Jakarta – Kawasan Asia dan Pasifik saat ini menjadi episentrum dinamika geopolitik dan geoekonomi dunia. Persaingan kekuatan besar, transformasi tatanan perdagangan global, serta tantangan keamanan maritim menjadikan kawasan ini strategis sekaligus penuh dengan kompleksitas. Menyadari hal tersebut, Universitas Paramadina mengadakan General Lecture: Peluang dan Tantangan dinamika ekonomi dan keamanan di kawasan asia dan pasifik bagi Indonesia serta Book Launching: pengantar studi hubungan bilateral tiongkok dengan negara-negara di Asia dan Pasifik. Kegiatan ini merupakan bagian dari rangkaian sesi International Conference on Democracy, Prosperity, Sustainability, and Peace: Problems and Prospects yang diselenggarakan oleh Universitas Paramadina bekerja sama dengan Universitas Pertahanan Republik Indonesia diadakan pada Kamis (2/10/2025).

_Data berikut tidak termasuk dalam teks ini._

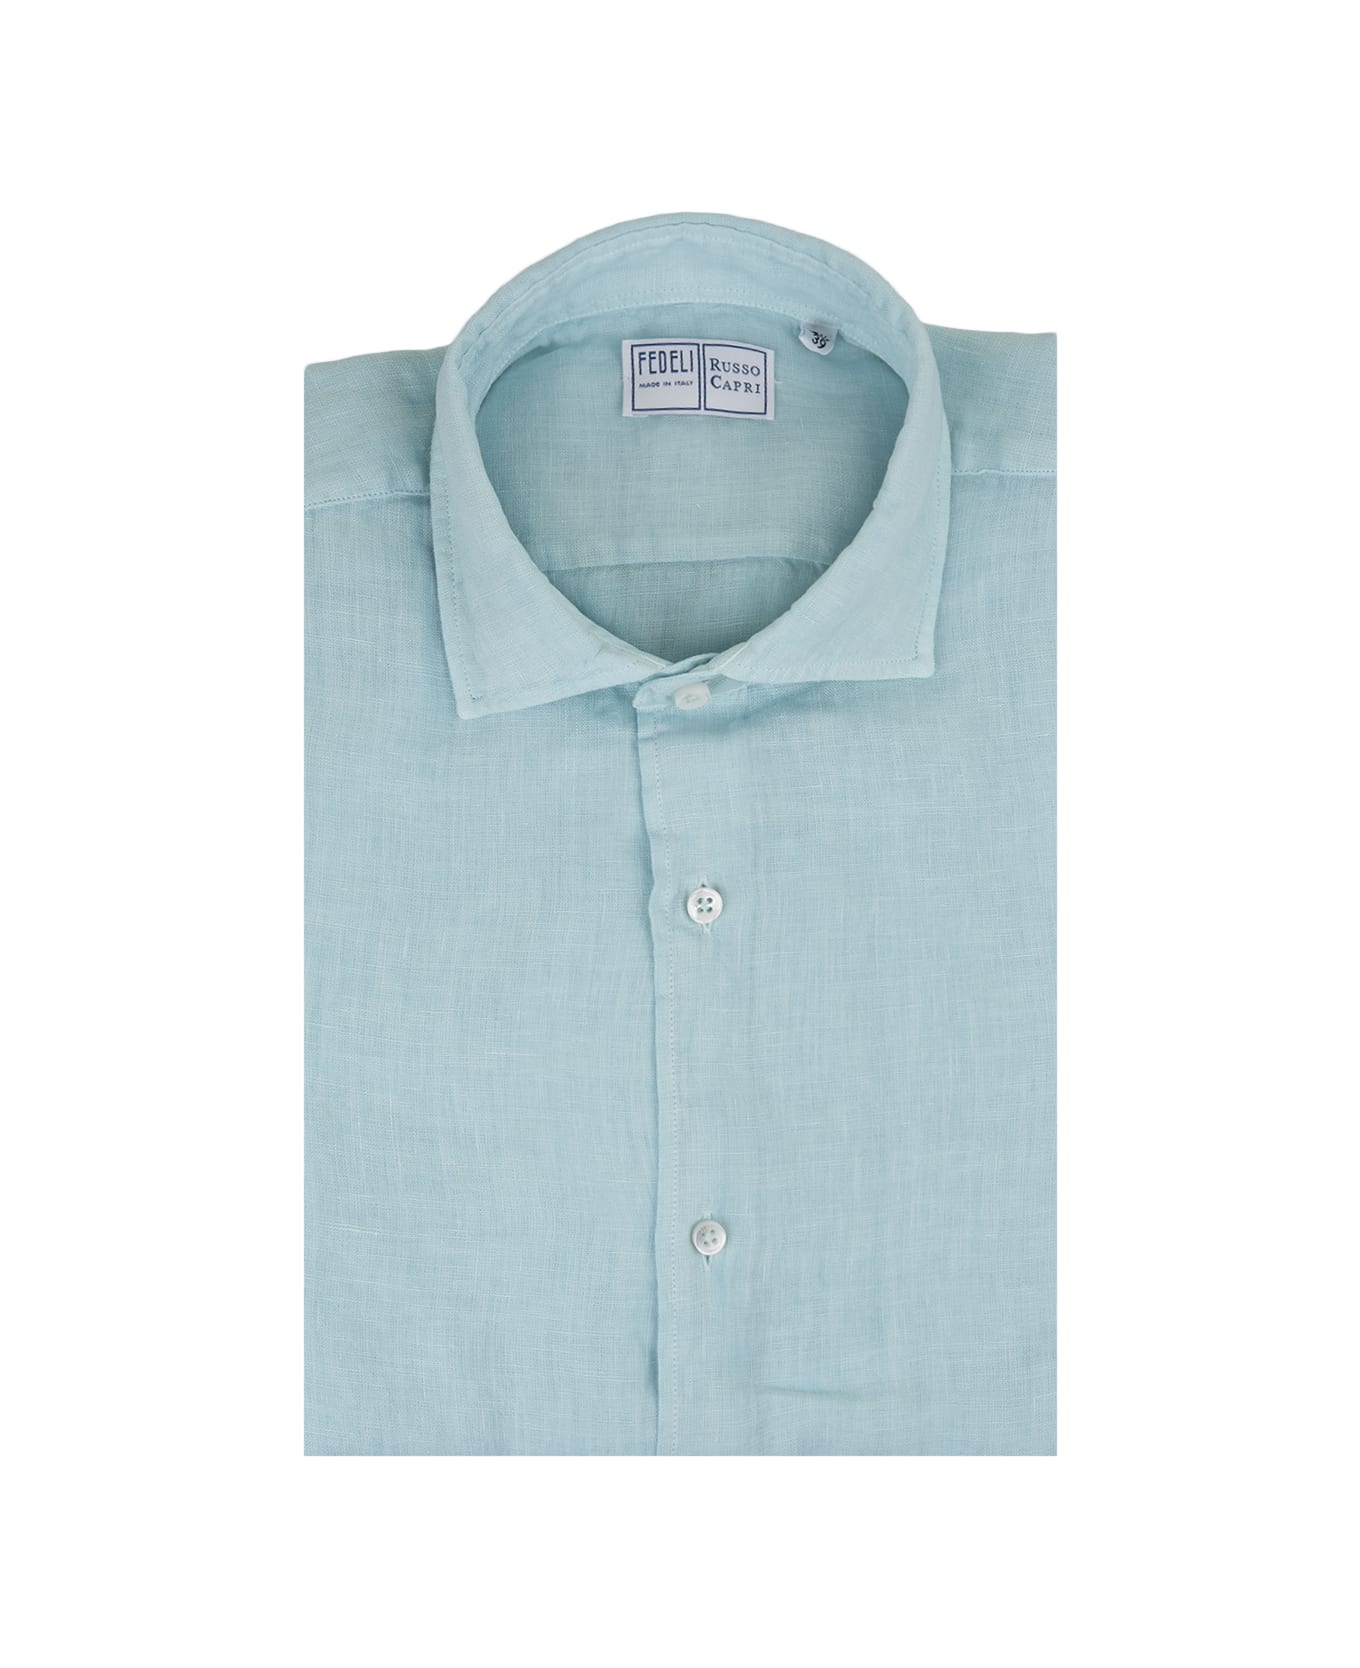 Fedeli Nick Shirt In Aqua Green Linen - Blue
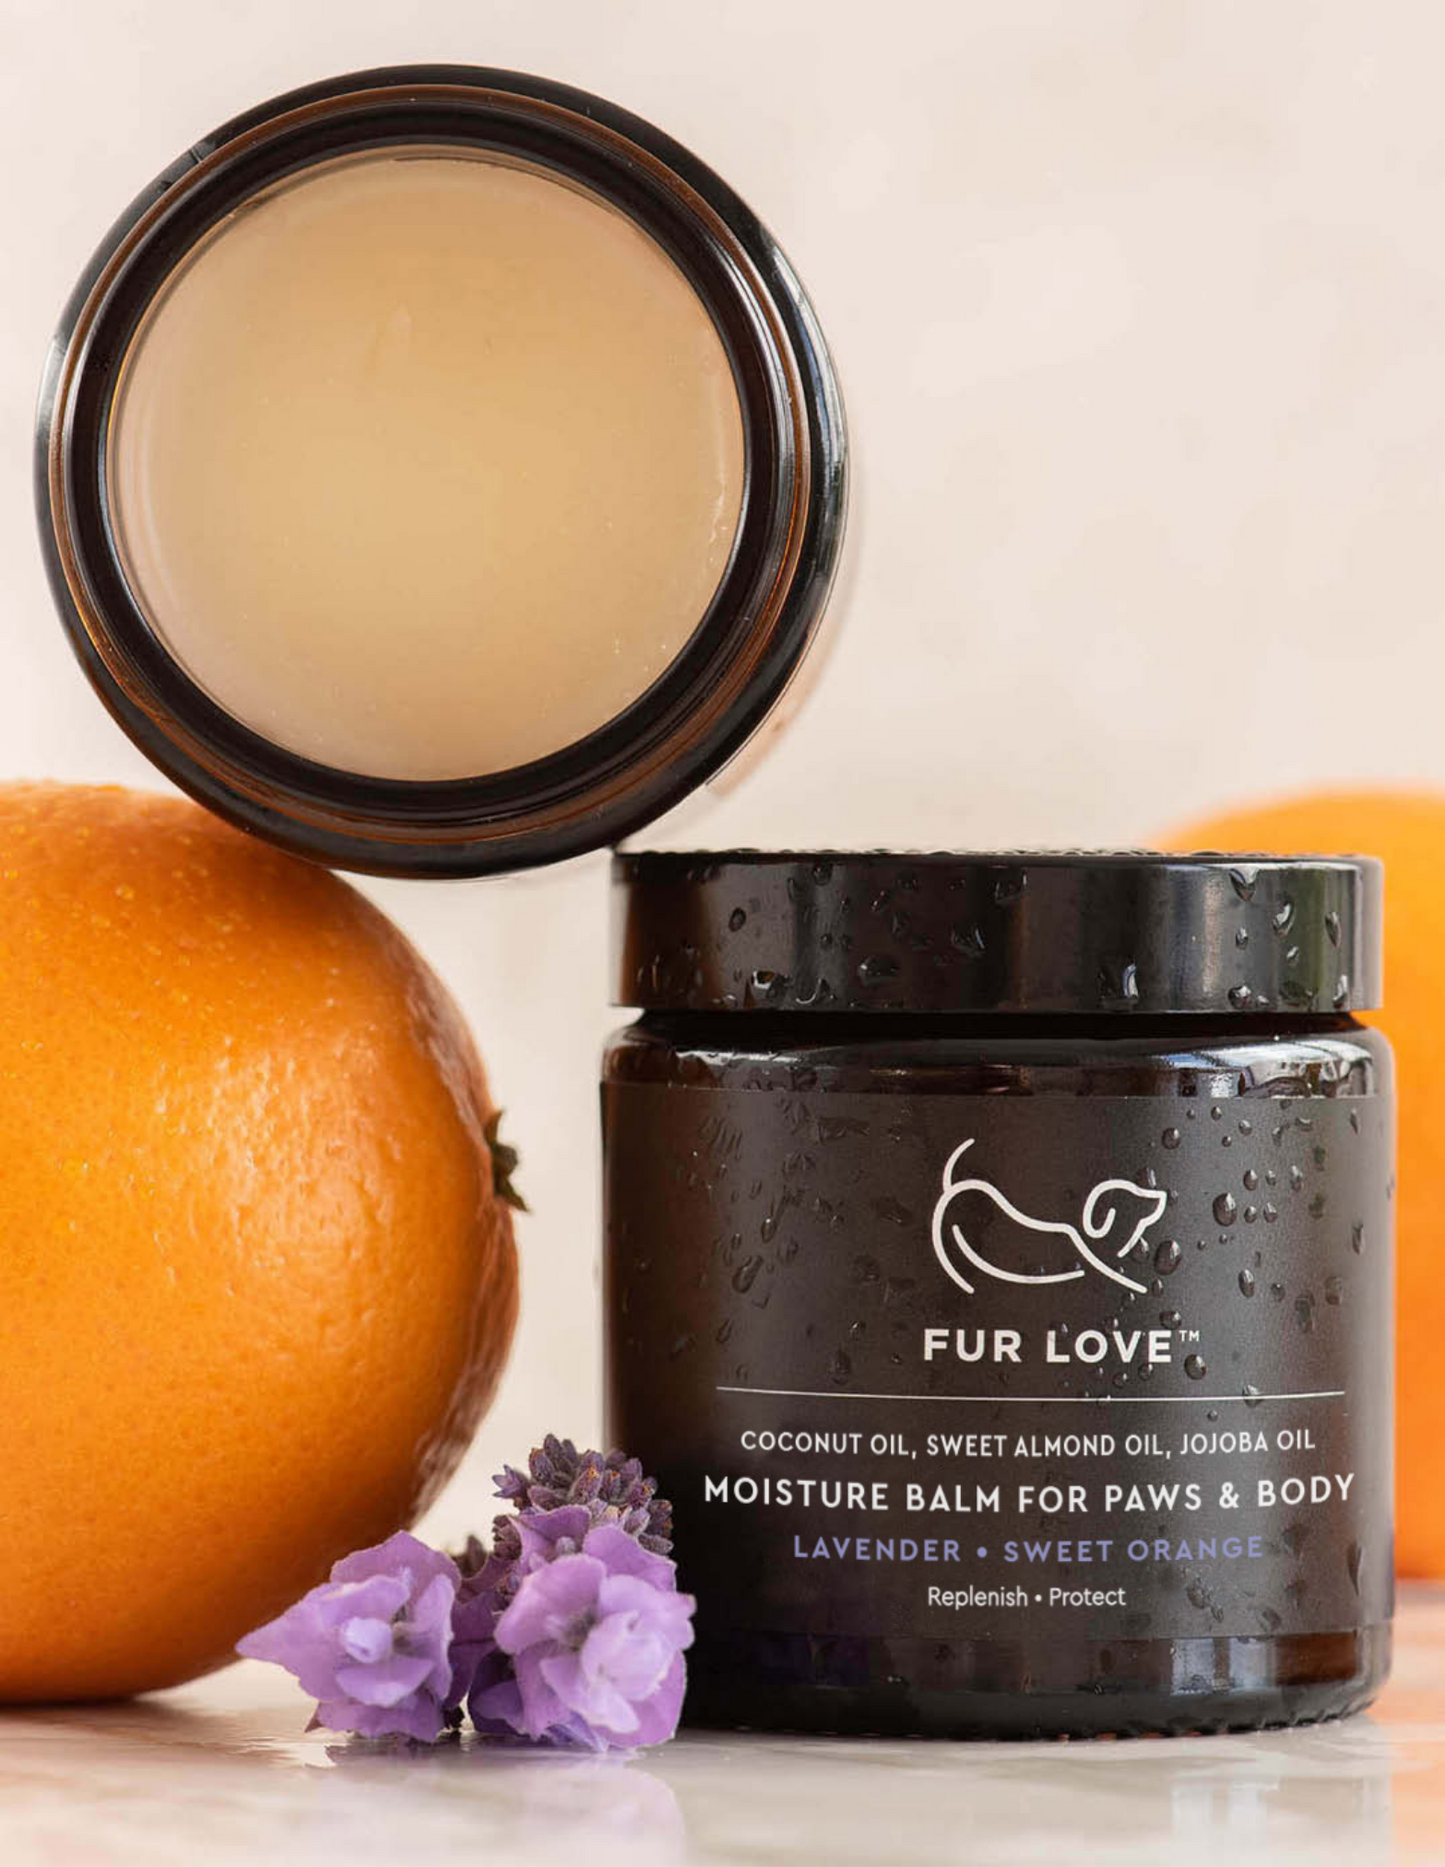 Fur Love Lavender & Sweet Orange Moisture Balm

Dalam kesempatan tersebut, Guru Besar Hubungan Internasional Universitas Pelita Harapan, Prof. Aleksius Jemadu menegaskan bahwa kebijakan luar negeri Indonesia tengah menghadapi kombinasi antara ketidakpastian global dan meningkatnya gejolak geopolitik. Menurutnya, keterlibatan Indonesia dalam forum BRICS tidak berarti meninggalkan ASEAN yang sejak lama menjadi platform utama diplomasi Indonesia

“Indonesia akan tetap menjaga ASEAN sebagai jangkar kebijakan luar negeri, namun di saat yang sama juga memperluas jejaring dengan kekuatan besar lainnya. Presiden mendatang dihadapkan pada tantangan serius, baik eksternal maupun internal, dan bagaimana ia mengelola kebijakan luar negeri akan sangat menentukan arah Indonesia hingga 2029” ungkap Prof. Aleksius.

Prof. Aleksius menyoroti perubahan dalam sistem perdagangan internasional yang semakin bergeser dari rule-based menuju deal-based. Pergeseran ini, menurutnya, menuntut Indonesia untuk memperkuat posisi tawarnya dalam negosiasi global. “Ekspor Indonesia ke negara-negara BRICS saat ini didominasi oleh Tiongkok. Namun, jika dibandingkan dengan G7, Amerika Serikat juga masih memegang peran penting. Oleh karena itu, Indonesia membutuhkan strategi keseimbangan agar dapat memanfaatkan peluang dari keduanya” jelas Prof. Aleksius.

Berdasarkan data Lowy Institute (2024), Tiongkok menempati posisi teratas sebagai mitra dagang Indonesia dengan porsi impor sebesar 24%, sementara Amerika Serikat berada di angka 6,9%. Hal ini menunjukkan bahwa kerja sama ekonomi Indonesia dengan Tiongkok berada pada fase pendalaman dan perluasan, meskipun keseimbangan dengan mitra lainnya tetap diperlukan.

Selain itu, Prof. Aleksius mengingatkan pentingnya ketahanan pangan dan kemandirian nasional. “Indonesia harus tetap berpegang pada prinsip hukum internasional dan tidak boleh bergantung penuh pada negara lain dalam pemenuhan kebutuhan pangan. Di tengah status Indonesia sebagai middle power, kemandirian dan keberanian memainkan diplomasi akan menentukan posisi Indonesia dalam tatanan global yang penuh ketidakpastian,” tegasnya.